External Sulfur Addition in the Generation of Sulfide-rich Ni-Cu-PGE Deposits: The Importance of Focused Magma Flow

Abstract:

Sulfide-rich Ni-Cu-PGE orebodies hosted in mafic to ultramafic igneous rocks require focused magma flow and vigorous interaction with country rocks to liberate sulfide, as well as to produce traps for immiscible sulfide liquid. In the 1.1 Ga Midcontinent Rift System (MRS), Ni-rich sulfide deposits occur in conduit systems. Variations in S and Os isotope ratios indicate that magmas which followed different crustal pathways were focused into a central conduit that supplied overlying flows and sills. The 1.3 Ga Voisey’s Bay deposit in Labrador represents sulfide liquid collection in a conduit system which includes dike-like bodies and larger sub-horizontal chambers.
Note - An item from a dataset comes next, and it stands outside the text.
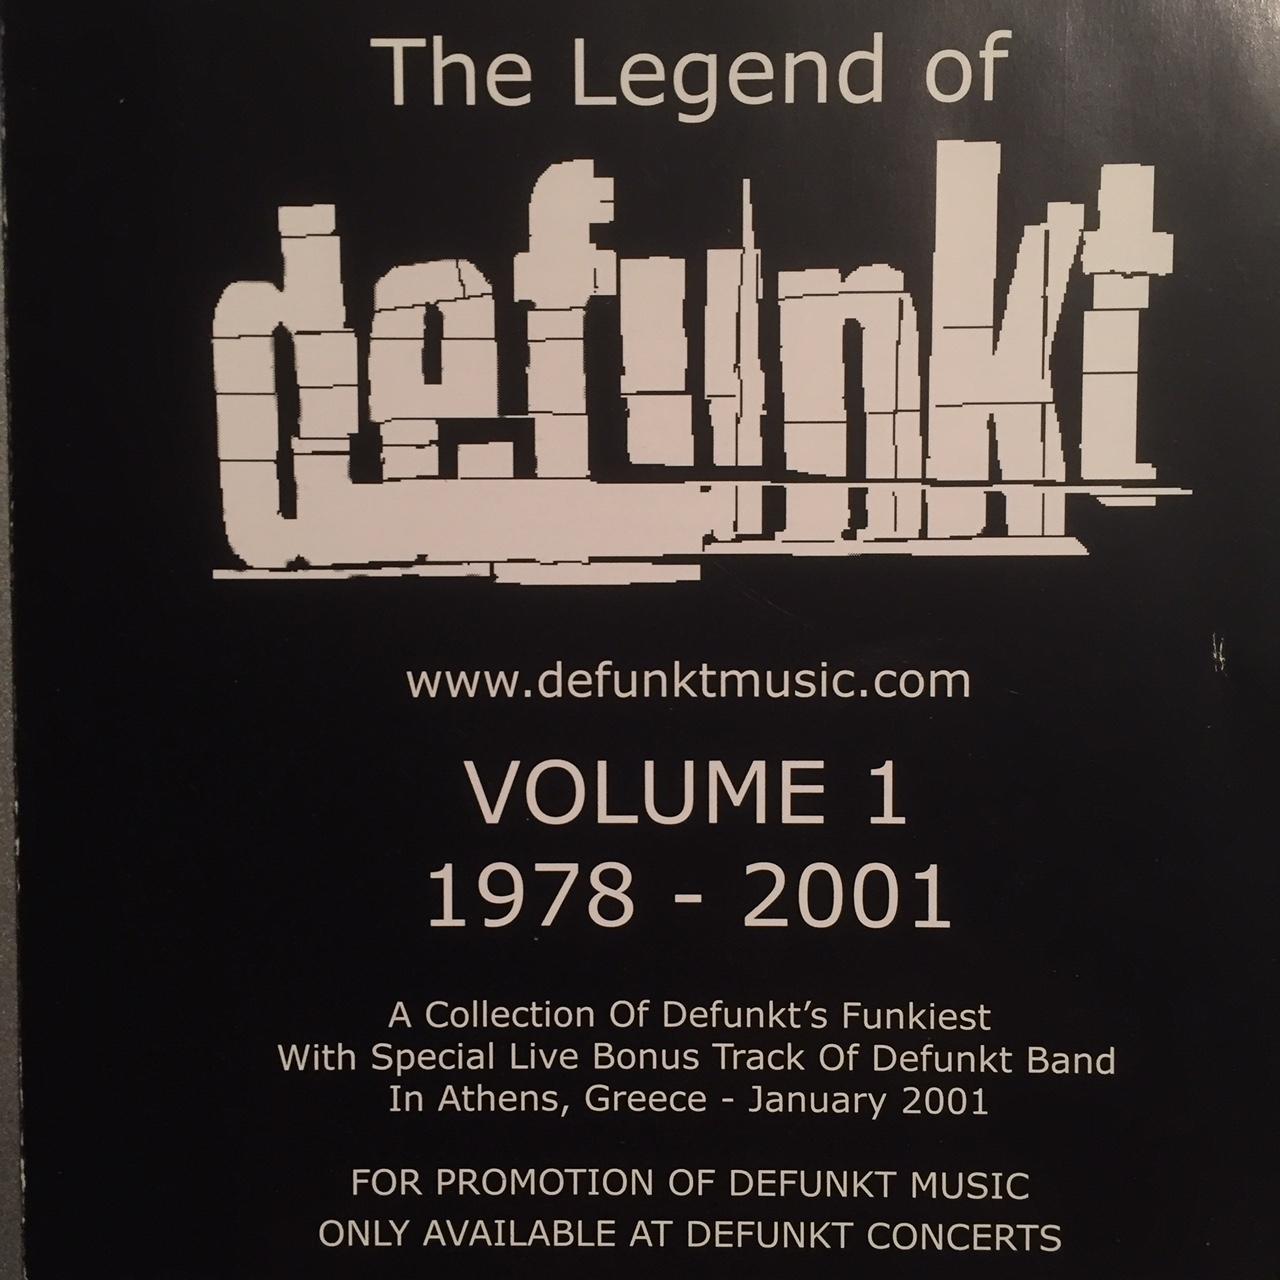 The Legend of Defunkt

Variable d³⁴S values again strongly suggest that focused magma flow and turbulence in the conduit resulted in the input of magmatic pulses that had undergone S isotopic homogenization even though pelitic country rocks are characterized by a range in S isotope values from -17 to +18 ‰. A very similar physical setting characterizes the sulfide-bearing Duke Island Complex, a Cretaceous – aged Ural-Alaskan intrusion in an arc setting. Magma pulses of variable sulfur isotopic compositions were focused into a central chamber where sulfide-bearing magma spread laterally. Trapped silicate liquid was efficiently expelled, leaving sulfide-bearing ultramafic cumulates. A less turbulent environment is indicated for sheet-like intrusions that carry disseminated sulfide mineralization in the Duluth Complex within the MRS. However, the potential ore sequences were built from multiple pulses of magma of distinct S isotope values that had interacted with sulfidic country rocks characterized by different S isotope compositions. Hence, the focusing of magmas from different pathways has been essential for the generation of potential sulfide-rich ore bodies in the Duluth Complex as well.